The discussion on Logic, Semantics, etc. got me thinking about an assumption that I have been making over the past 30+ years when selecting components. My assumption: select speakers to fit your room, amplifiers to match your speakers, and source components to fit your source media priorities. Have I been wrong all these years? If not, then why haven't the component manufacturers adopted some kind of guideline to help consummers create systems based on their environment?

Are the marketing departments still focussed on the ego of the customer? (See the Dominator speakers from the movie Ruthless People). Is it easier to leverage the ego of the customer to justify a more expensive system even though it is not what the customer needs?

Why the rant?

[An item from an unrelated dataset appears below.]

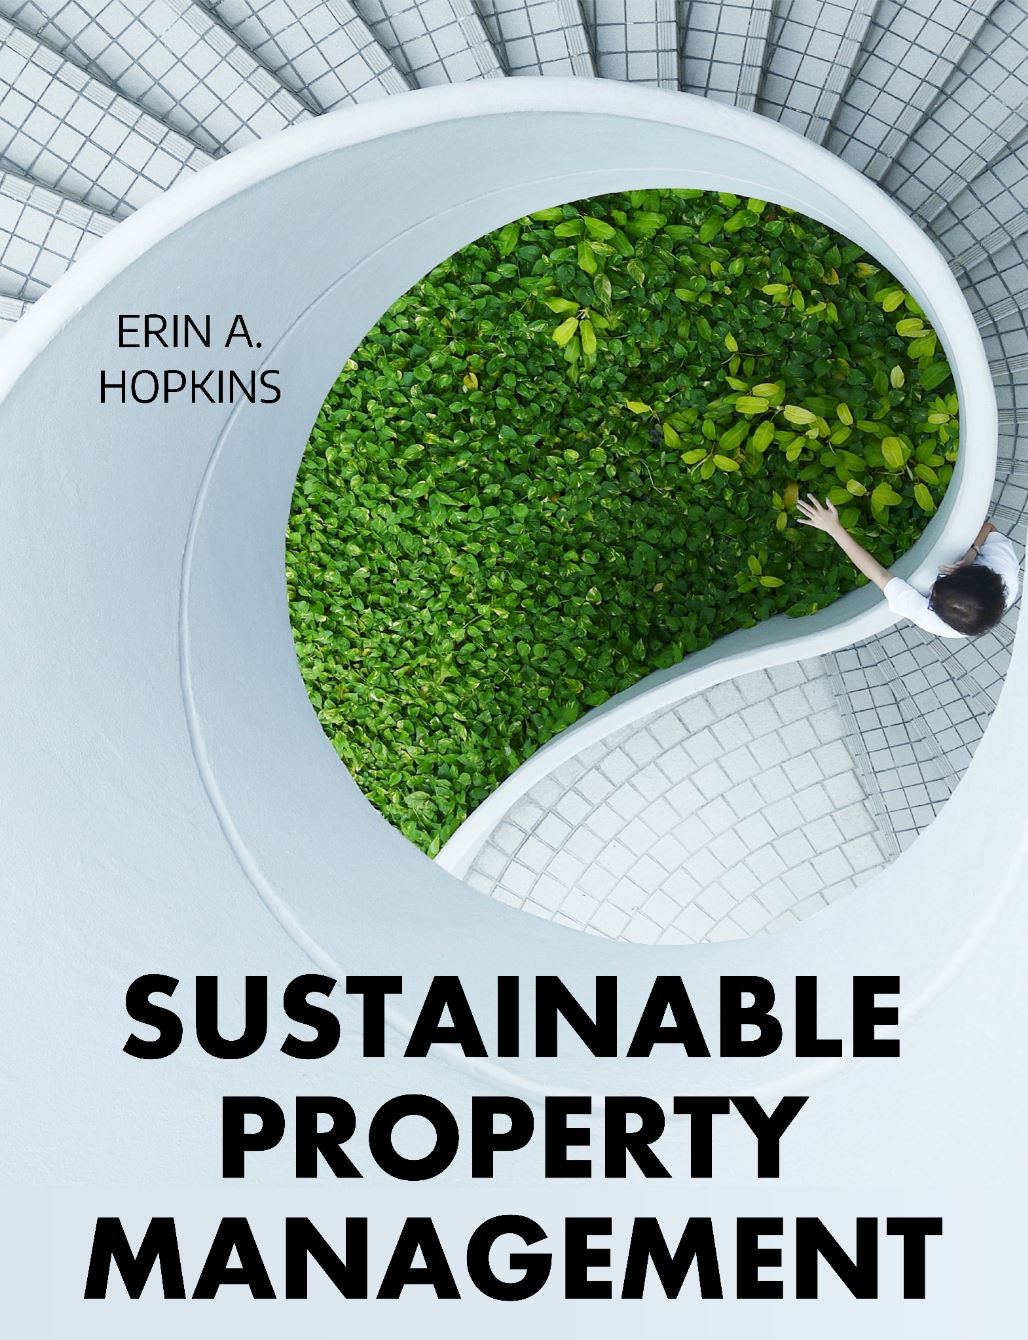 Read more about Sustainable Property Management

Take speakers for example. A typical manufacturer will have several series of speakers with different models within each. The differences of the models within each series are typically the number of drivers and their size. Why would you choose one model over the other? The logical reason would be room size and listening area. Many manufacturers are selling direct from the internet these days. Why not include a sound field diagram for each model?

Where am I going wrong here?


----------



## umr (Oct 6, 2009)

That is part of what THX certification is about.
_Posted via Mobile Device_


----------



## resqguy (Jun 20, 2009)

> That is part of what THX certification is about.


I agree that THX is a first step. But what I am looking for is more application information. Not just a pass/fail criteria. Something from the manufacturer along the lines of what you would have for a projector. Sound field specs similar to throw distance vs. screen size.


----------



## tonyvdb (Sep 5, 2007)

Speakers are rated by the db's they produce directly in front of the speaker not at the listening position. So it is not affected by room acoustics.


----------



## umr (Oct 6, 2009)

I own some excellent audio test gear and I can tell you it would be very difficult to develop a set of specifications that woulg guarantee a level
of sound quality. I find listening is a better method of separating products. The test equipment is useful, but not sufficient to determine product quality.
_Posted via Mobile Device_


----------



## Jon Liu (May 21, 2007)

Off topic, if there is anyone I would listen to here, Jeff (umr), is definitely that person. He is renowned for his calibration ability, both audio and video. We're glad to have him around here at the Shack!


----------